I tend to think that mandatory collection is an important tool. But in the end, even a bureau that can only create incentives for reporting (and which took advantage of preexisting reporting requirements in other contexts) would be better than no bureau at all. As Congress moves forward in authorizing the BCS, it should try to avoid politicizing the debate and converting a discussion about the creation of a new statistical bureau into a fight about the American regulatory state.
In the end, two points seem clear. First, the BCS should focus on data and (possibly) analysis, building on existing cybersecurity frameworks. The precise authorities for the bureau’s collection will be a controversial point that requires negotiation.
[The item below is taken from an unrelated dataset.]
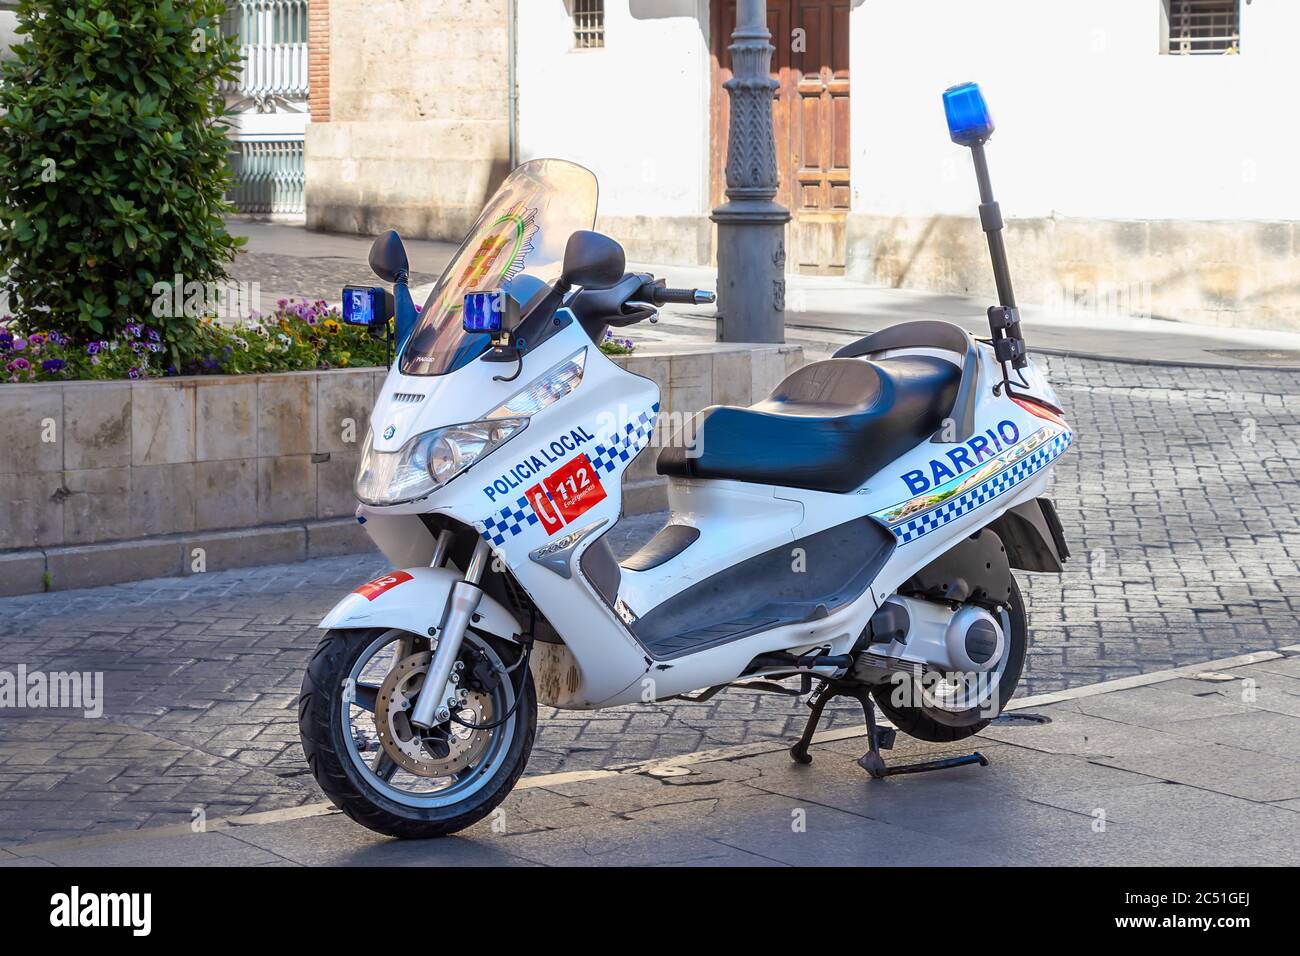 Jaen, Spanien - 18. Juni 2020: Motorrad der örtlichen Polizei in Jaen, Spanien Stockfoto

Therefore, the goals for the institution should be descriptive rather than prescriptive—it should develop and publicize data, while leaving to other agencies the decision about what consequences should flow from that data. While a natural focus on the government first seems inevitable, the BCS should ultimately decide its initial focus based on public feedback.
Second, the BSC has two related broad functions—to build and release useful data sets, but also to establish standards of lexicon and metrics. As the bureau matures, it may consider issuing analysis and standards/guidance for modeling. (This strategy would best be seen as a “down-the-road” function dependent on public feedback.)
The goal of establishing the bureau should be simple—to make cybersecurity metrics actionable for making informed decisions in both the public and private sectors. The creation of the BCS will be a necessary first step to that end.